# Partage compte ICloud (stockage)



## Mat05051 (20 Août 2018)

Bonjour à tous,
Tout d’abord, si toutefois le sujet a été traité sur ce forum, veuillez m’en excuser, je n’ai pas trouvé de réponse à ma demande étant je pense un peu particulière.
Je m’explique. Mon amie et moi utilisons ICloud pour nos sauvegardes automatiques de nos Iphones, très pratique, plus besoin de penser à faire régulièrement des sauvegardes. Nous avons donc pris chacun un compte 50Go à 1€, soit 24€ par an pour le couple pour la sérénité... depuis peu, notre sauvegarde dépasse légèrement les 50Go alloués.
Si l’on passe sur le forfait supérieur 200Go 3€, on passerait de 24€ à 72€ pour nous 2 à l’annee ...
Je souhaiterais donc savoir s’il était possible de partager un compte ICloud (200Go pour 2 serait idéal), MAIS :
En ne partageant uniquement le stockage, de manière indépendante, ne pas partager les photos, contacts, calendriers, applis, achats, bref garder 2 appareils totalement indépendants mais ne partager que l’espace de stockage.
Merci par avance de vos retours et très bonne journée.


----------



## Jonathan16 (28 Août 2018)

Mat05051 a dit:


> Bonjour à tous,
> Tout d’abord, si toutefois le sujet a été traité sur ce forum, veuillez m’en excuser, je n’ai pas trouvé de réponse à ma demande étant je pense un peu particulière.
> Je m’explique. Mon amie et moi utilisons ICloud pour nos sauvegardes automatiques de nos Iphones, très pratique, plus besoin de penser à faire régulièrement des sauvegardes. Nous avons donc pris chacun un compte 50Go à 1€, soit 24€ par an pour le couple pour la sérénité... depuis peu, notre sauvegarde dépasse légèrement les 50Go alloués.
> Si l’on passe sur le forfait supérieur 200Go 3€, on passerait de 24€ à 72€ pour nous 2 à l’annee ...
> ...



Bonjour,

Il n'y a rien de plus simple : tu créées une famille et active le partage familiale... Nous l'avons fait avec mon compagnon et notre fille de 8 ans...

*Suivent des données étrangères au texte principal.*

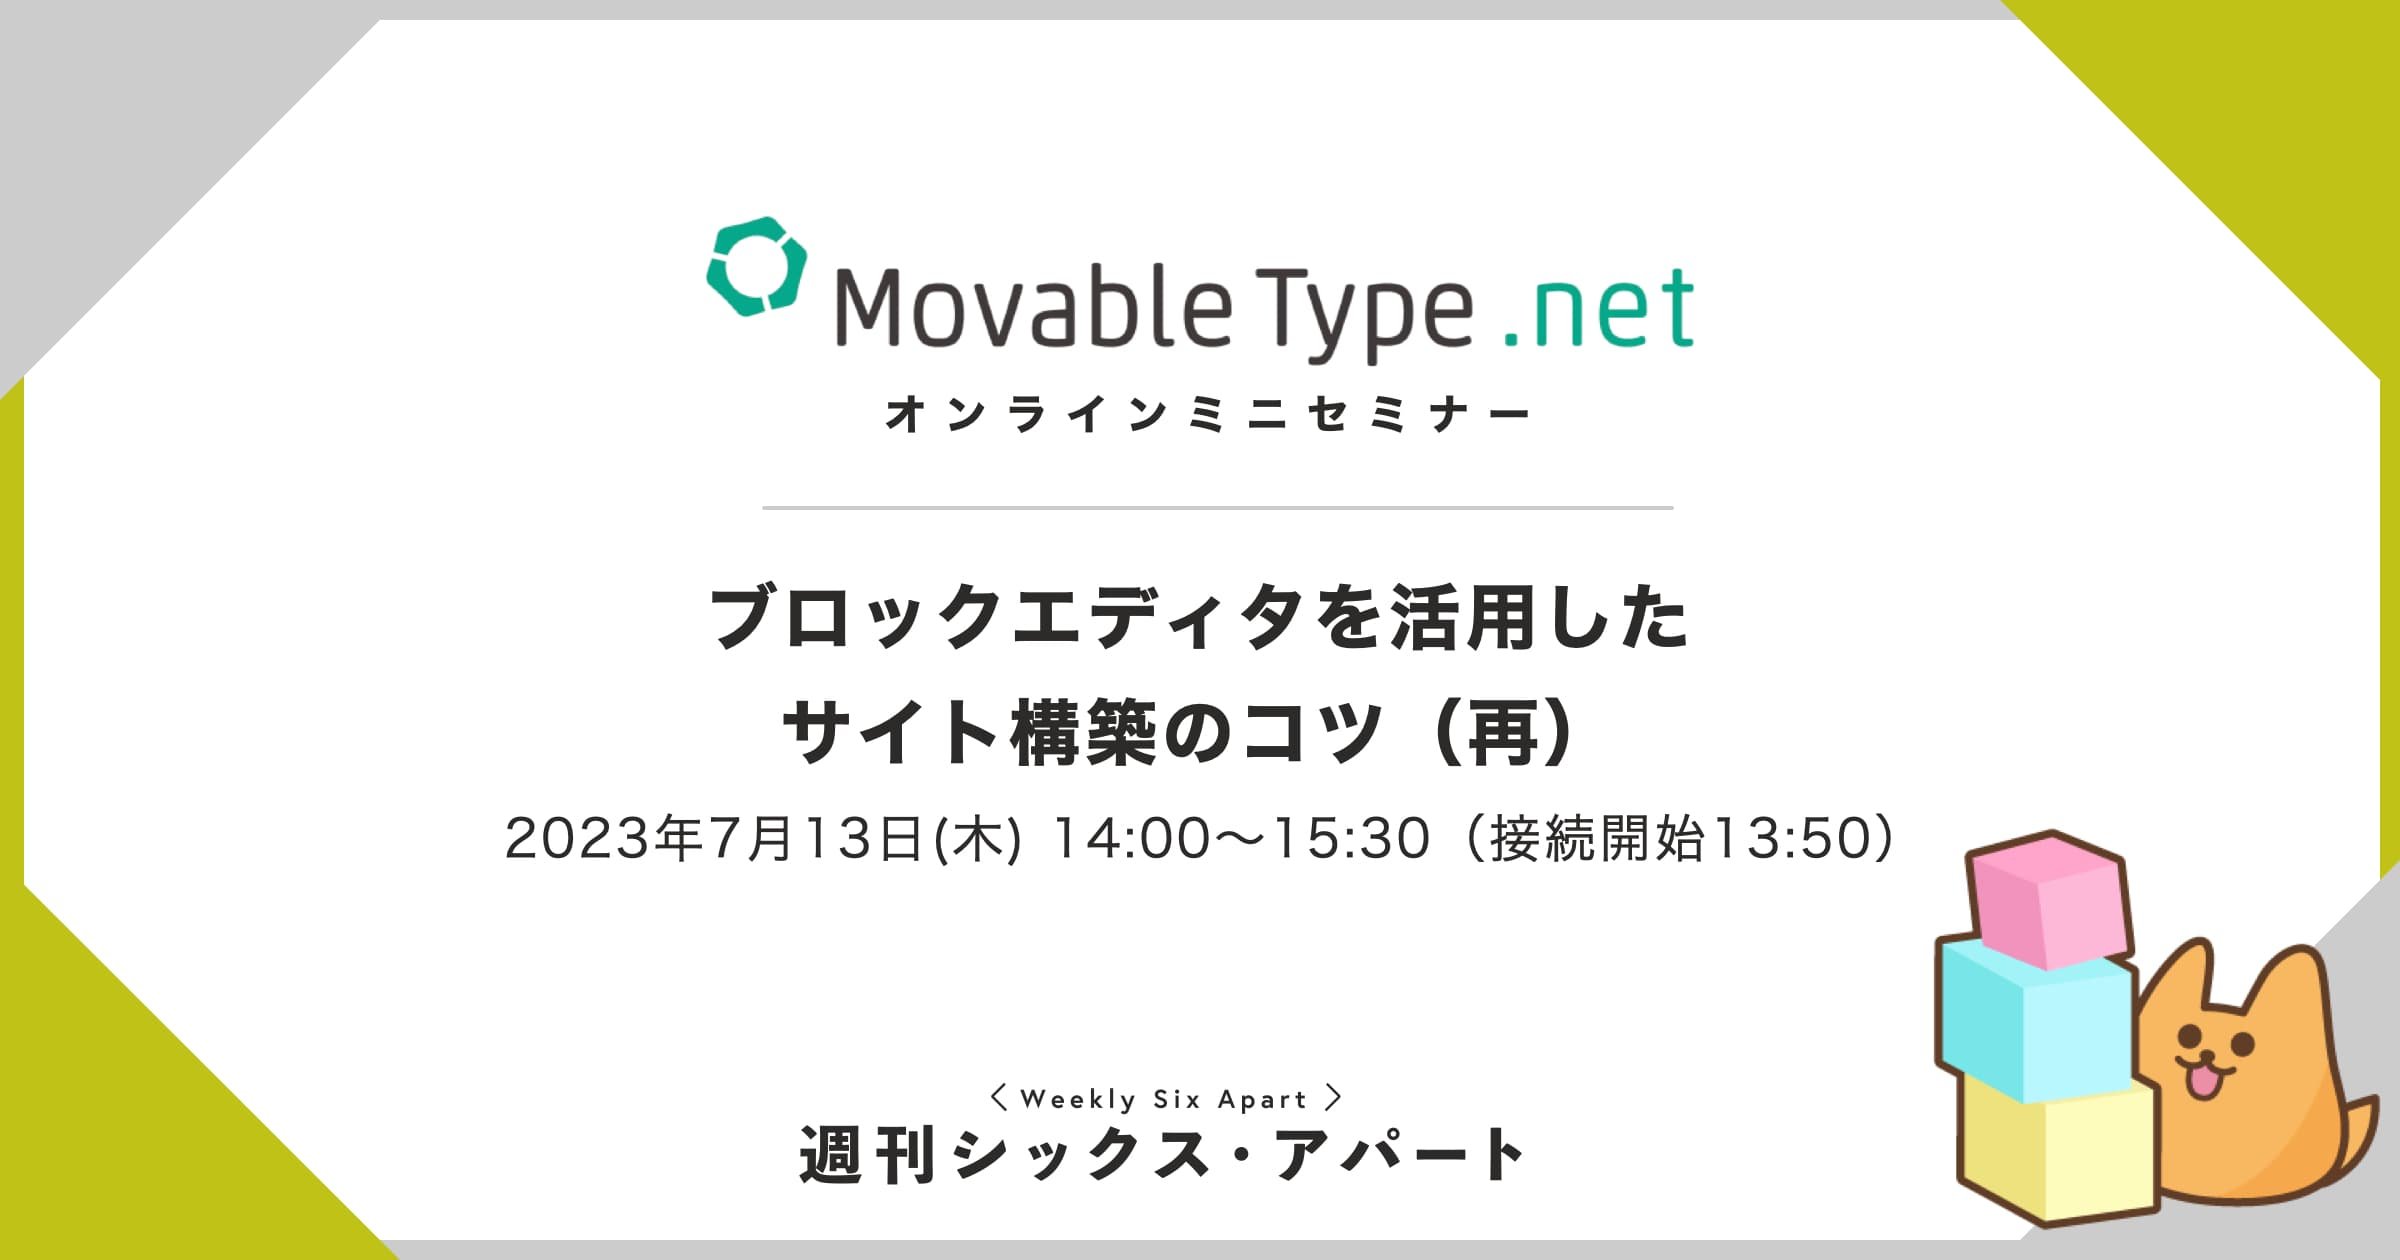 7/13木「MovableType.net のブロックエディタを活用したサイト構築のコツ」セミナー開催 #週刊SA

Et je peux te garantir qui ni l'un ni l'autre n'a accès aux données de l'autre, la sauvegarde est bien indépendante juste que tu partages le forfait, nous partageons donc 200 Go à 3 pour 2.99 € seulement par mois...

Avec le partage familiale, tu ne partages pas de compte iCloud, chacun dispose bien de son propre compte...

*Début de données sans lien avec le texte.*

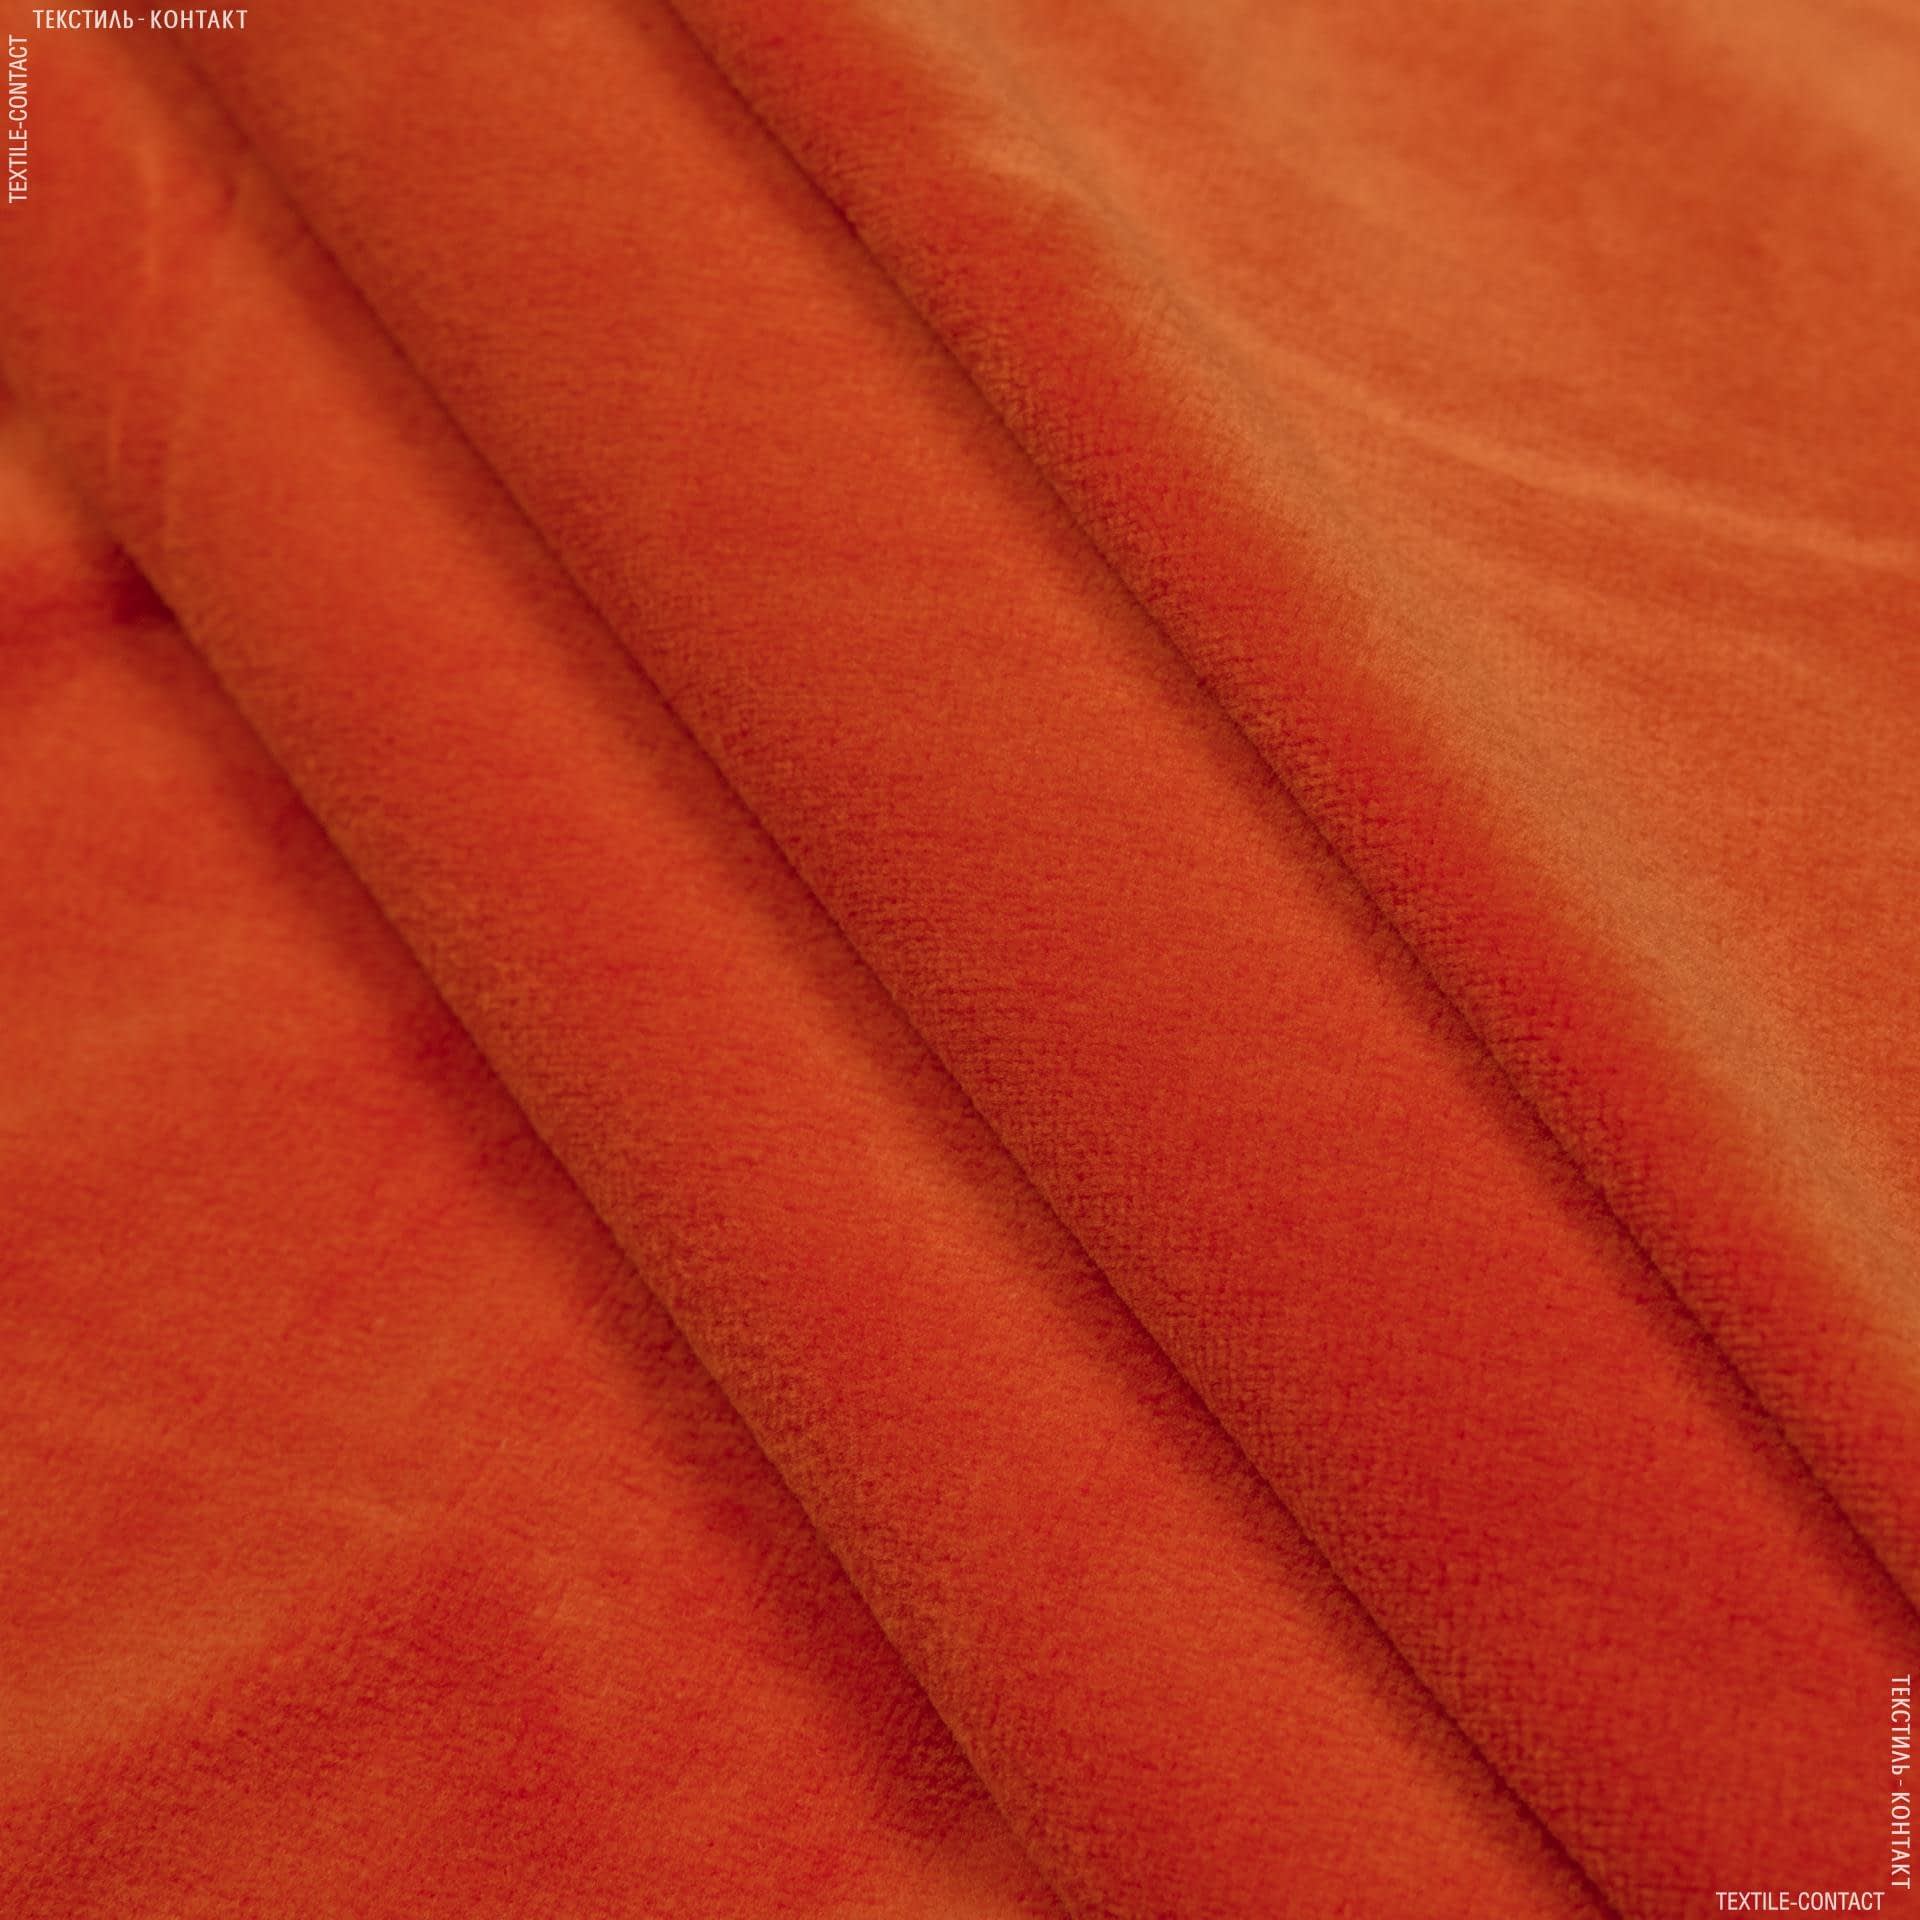 Ткани для детской одежды - Велюр хб оранжевый

Les autres avantages du partage familiale, c'est le forfait pour Apple Music (au lieu de payer chacun un abonnement, tu n'en paies qu'un seul pour 14,99 € au lieu de 19.98 €) et chacun a sa propre configuration...

Autre avantage, pour certaines applications un seul paiement suffit pour que tous profitent de l'application (bon ça ne fonctionne pas avec toutes malheureusement)...

Pour le passage de vos forfait actuels vers un forfait en partage familiale, il n'y a aucune perte de données (pour l'avoir testé)...


----------